Print only what runs from the line that includes "VT Zoznamka demo" to the end of the listing, word for word, and do not include any pictures.

*Input data:*
Segment Open
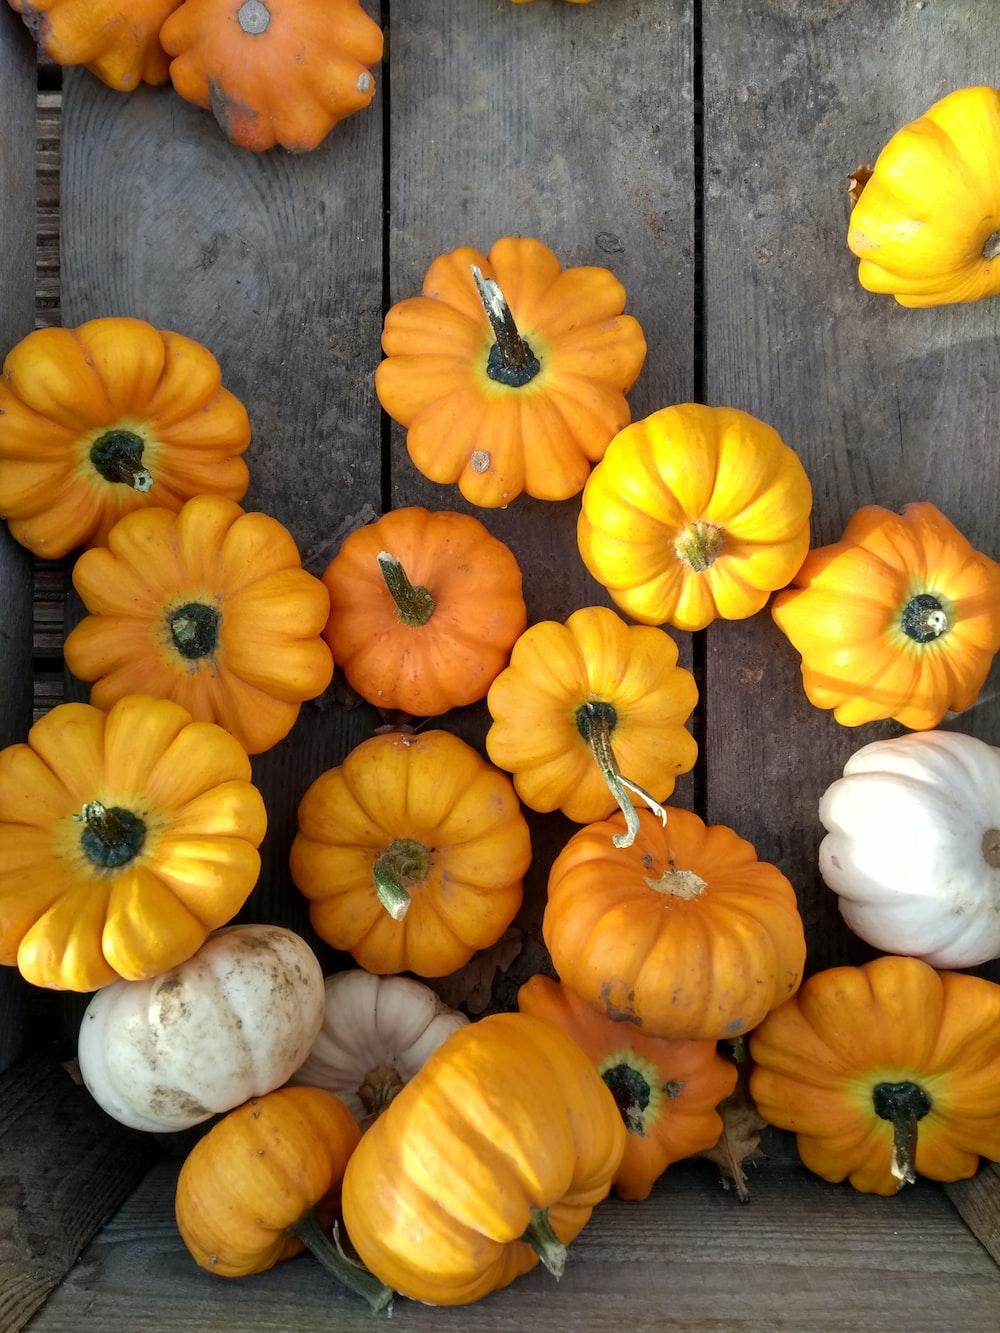 artificial pumpkins inside crate
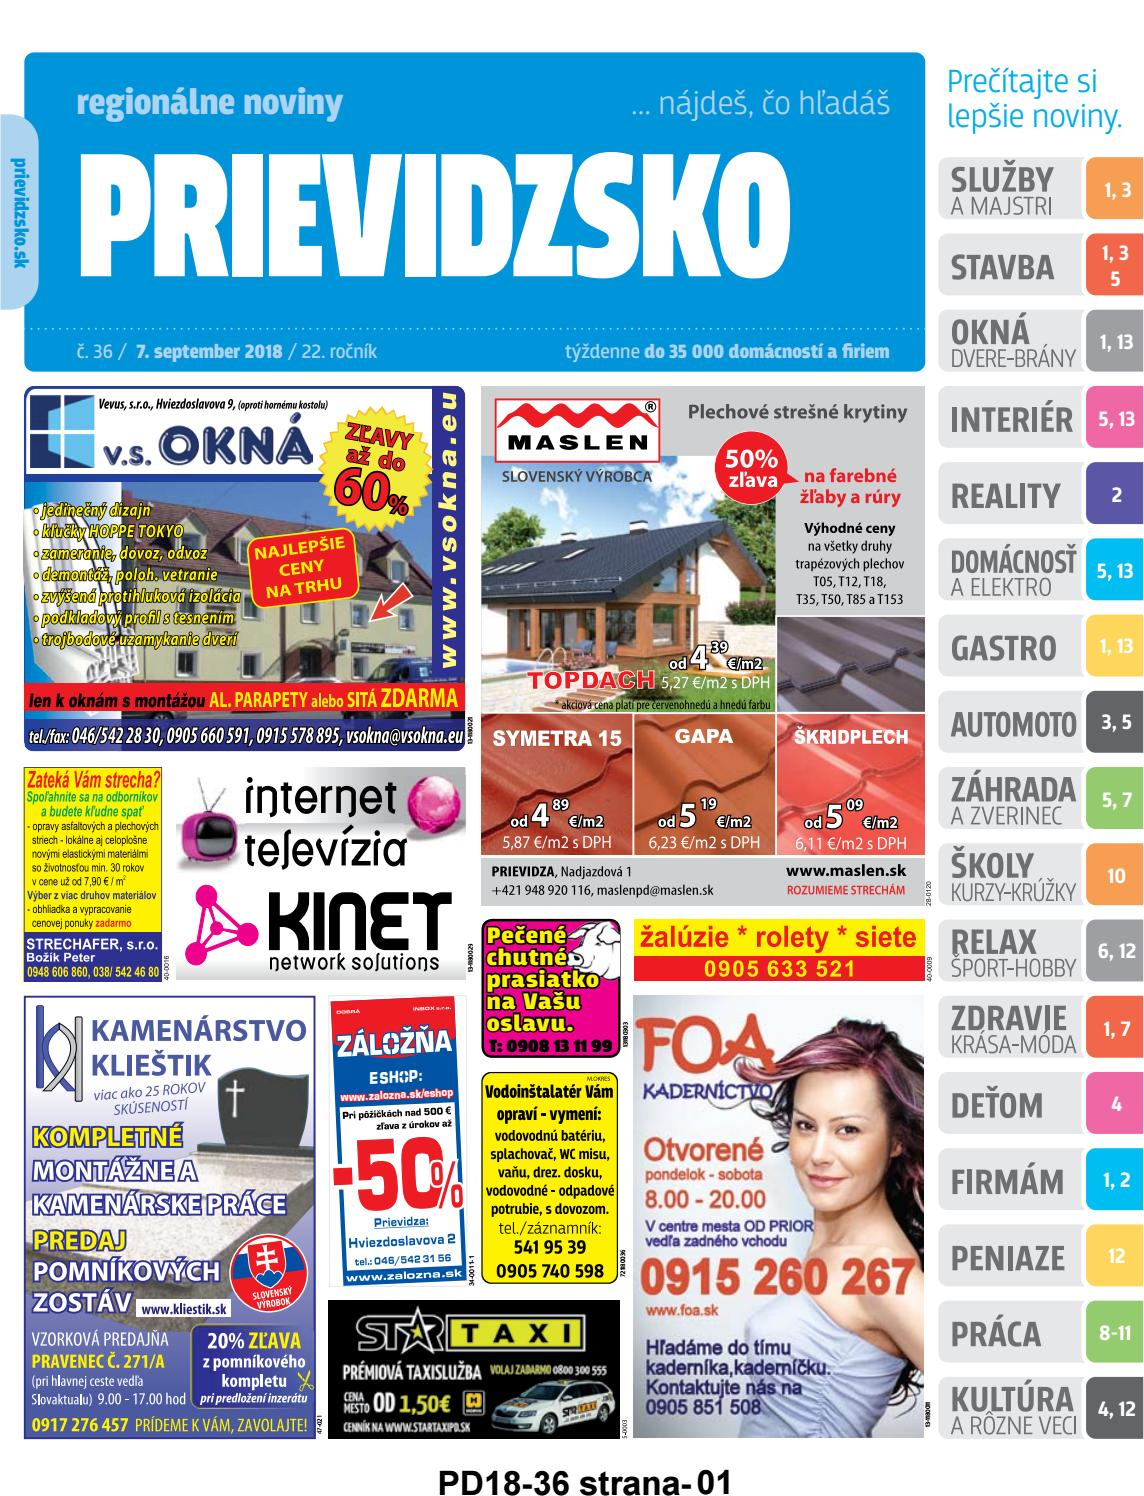 VT Zoznamka demo
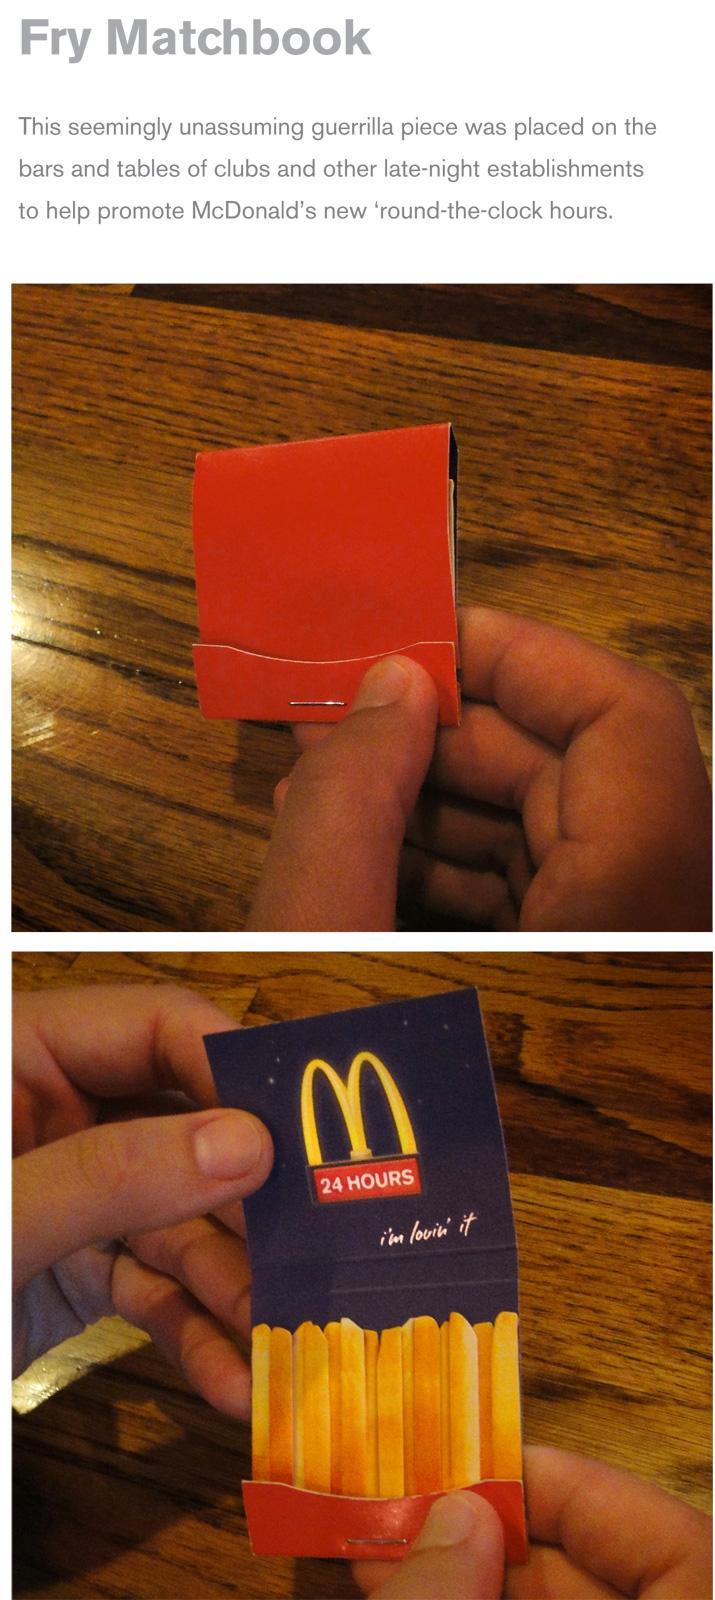 McDonald's Direct Ad -  Fry Matchbook
Segment Closed
*Your response:*
 VT Zoznamka demo
 McDonald's Direct Ad -  Fry Matchbook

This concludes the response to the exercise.